RESIST II - Resilienzbewertung von Wahrnehmungs- und Planungsansätzen in kooperativ interagierenden Automobilen bei unerwarteten Störungen
Functional safety of fully automated and autonomous vehicles is one of the main challenges of the upcoming years. A fully automated vehicle must not only remain in a safe driving state under ideal conditions, but also in the event of unforeseen situations. The use of cooperatively interacting strategies further complicates ensuring sufficient resilience against these unforeseeable situations and unexpected disturbances.

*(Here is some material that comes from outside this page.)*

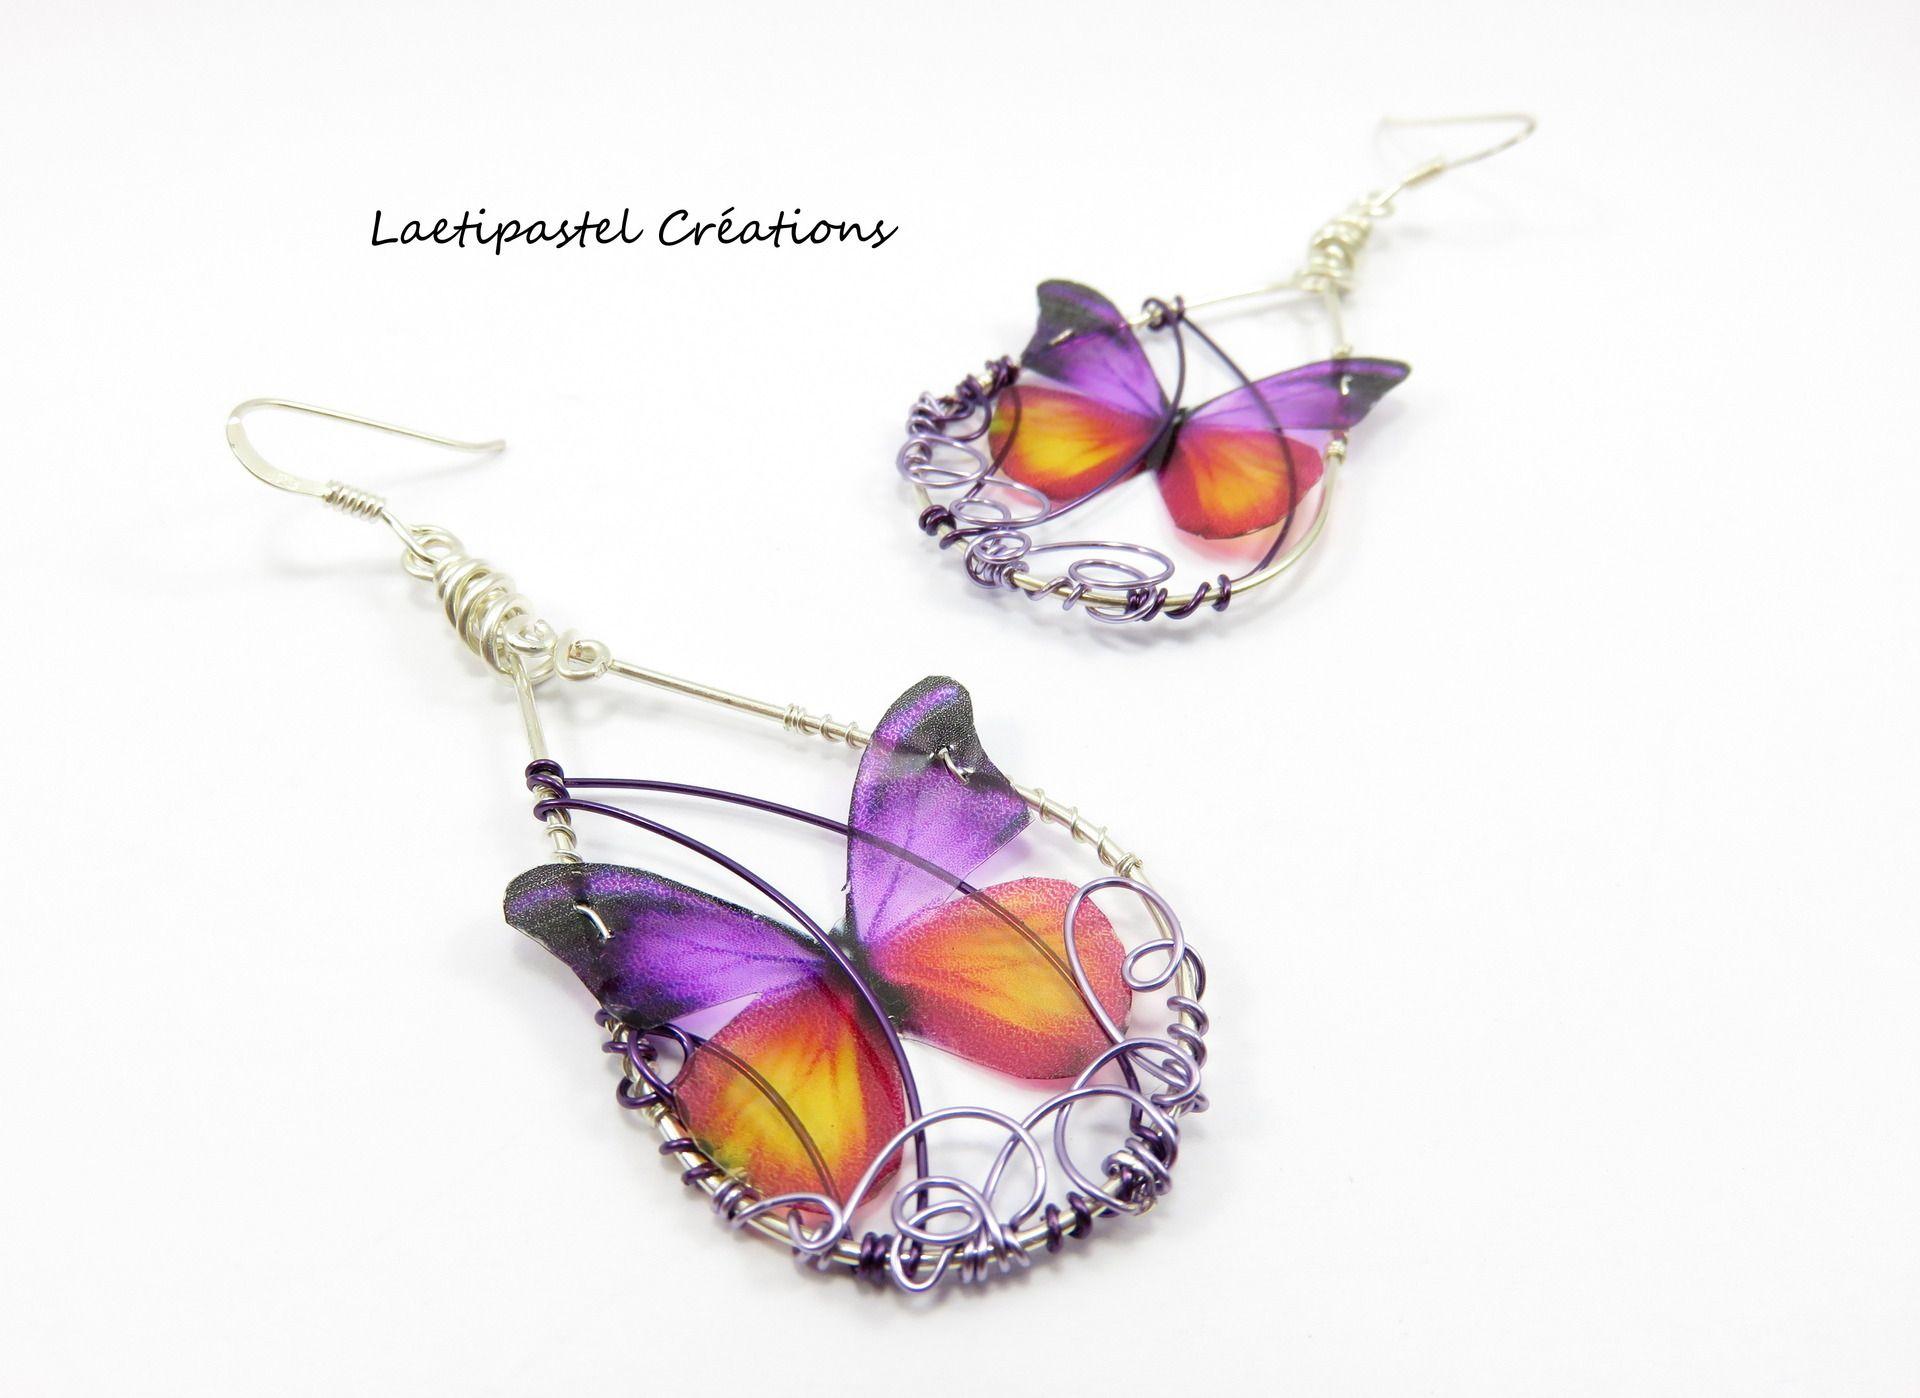 Boucles d'oreilles dissociées papillons violet et orange transparents, imaginées puis crées main, métal torsadé. : Boucles d'oreille par laetipastel                                                                                                                                                                                 Plus
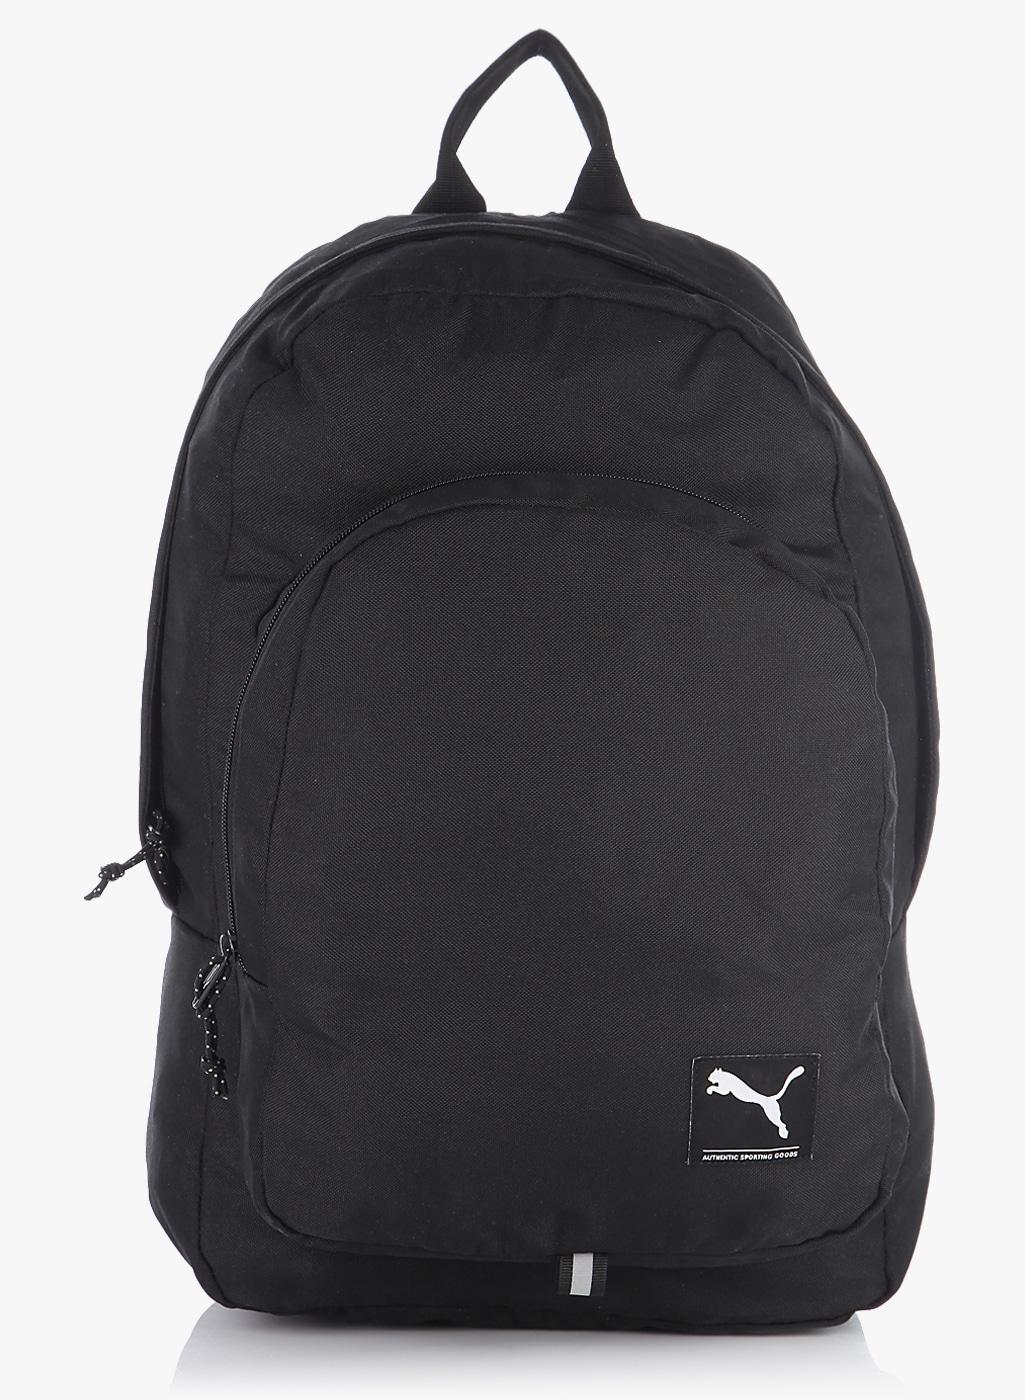 Puma Black Bags Backpacks - Buy Puma Black Bags Backpacks online in India e005bda74fcf3

To qualify a vehicle with fully automated driving functions in accordance with ISO 26262, it currently has to complete one billion test kilometers on the road.
The aim of this project proposal is to advance a significant portion of the application to a simulation-based verification process instead of real test drives in order to enable early resilience evaluation. The advantages over real driving is the possibility of exploring a wide variety of environmental conditions in their variety of parameters in order to uncover specific borderline situations in addition to considerable time and cost savings. Cooperative perception methods and their resilience evaluation under varying environmental conditions and sensor influences are to be researched.
The cooperative perception methods should compensate the reduced recognition rates of different algorithms and sensor types under different environmental conditions. In addition to the camera sensors, radar sensors are to be included in the investigations and extended by cross-vehicle object tracking.
The resilience evaluation is supplemented by further environmental conditions that are difficult to model. New approaches are to be researched to model and simulate the variety of parameters of spray, snowfall and fog. In addition, the effects of different environmental conditions on perception, prediction and planning algorithms are investigated under different driving scenarios.
Subsequently, suitable metrics are examined to evaluate the procedures. On the one hand, the quality of the cross-vehicle fusion is evaluated, and on the other hand, a safety metric is developed that not only addresses the precision of the detection, but also how dangerous a detected object could become for the vehicle itself.
A further goal is the sustainable improvement of the training of learning-based perception procedures under varying environmental conditions, since currently the training data sets are usually recordings under ideal conditions and sunshine cannot be assumed in real operation. Therefore, we want to systematically extend the data sets and train the corresponding neural networks with these larger data sets with the help of the procedures mentioned above.